Working for friends can be tricky.

I only did one job (wedding cake) and learned after that to just pass them along to someone I trusted to treat them right.

Mostly retired now and this has been my one policy I never deviated from.

Just too uncomfortable IMO.

Family?

Fuggedaboutit!

There was a point back in the day when I would avoid family functions until I finally figured out that one word...no...could be so liberating /img/vbsmilies/smilies/drinkbeer.gif.

After that point I would offer my services for free (example free first birthday cakes have always been a gift from me) and everyone was happier.

Do this one job (gratis or charge along the lines of the above suggestions) and if it goes great and you decide to explore this new path then start on a business plan and see where it takes you.

Don't forget financials (is there a certain level of lifestyle you will not go below?).

Doing what you love can get really old when the jobs start rolling in and you start missing important holidays and friends and family time.

Just IMO .... welcome to Chef Talk (where the bar is always open lol ;-)

mimi


----------



## flipflopgirl (Jun 27, 2012)

One more thing.

Yes the venue will have a license but they may not allow you to work under it.

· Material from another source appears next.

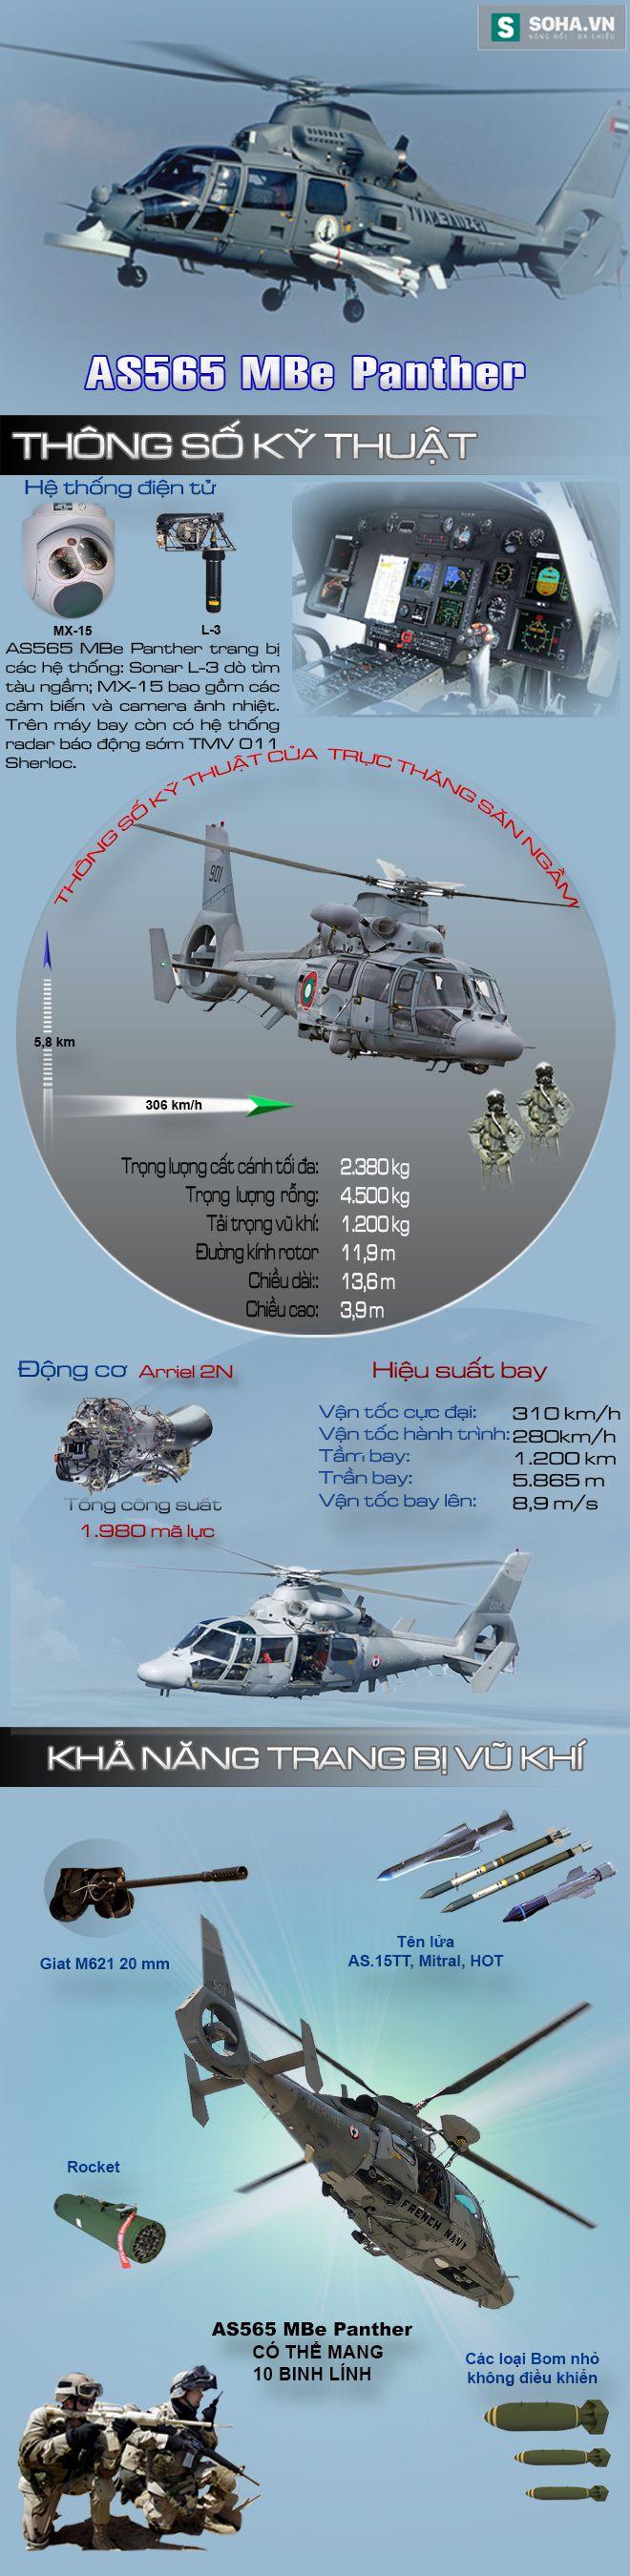 Trực thăng săn ngầm hàng đầu Đông Nam Á của Indonesia mạnh đến mức nào? - Ảnh 1.

In fact they may want to see yours.

Ask never assume.

mimi


----------



## jimyra (Jun 23, 2015)

I'll drink to that.

jimyra


----------



## flipflopgirl (Jun 27, 2012)

Jimyra said:


> I'll drink to that.
> 
> jimyra


Hereya go....... /img/vbsmilies/smilies/lever.gif /img/vbsmilies/smilies/drinkbeer.gif.

m.


----------



## gabeeaster (Feb 2, 2016)

Thanks @flipflopgirl! Yeah, I was weary at first when she asked me, but as it's the company she works for that's apparently footing the bill. She knows that I'm not a professional chef, so I assumed she would know that it would be okay for me to use the venue's kitchen? But that's good advice, I'll definitely ask. I've heard horror stories from people performing services for friends in every industry and asking for and collecting on payment has ruined alot of friendships. I definitely don't want that. As far as family goes, I just happen to come from a family that cooks alot and I've never offered to contribute anything and no one's ever asked me for anything so I've just silently and happily remained in the shadows lol

Thanks so much for the input. I'll definitely heed alot of this when it comes to taking next steps to possibly furthering my ventures. If all goes well, I may very well start on a business plan 

So far, I've had nothing but constructive criticism and founded advice from the lot of you here. I'm feeling quite welcome on Chef Talk thus far. Cheers! /img/vbsmilies/smilies/drinkbeer.gif


----------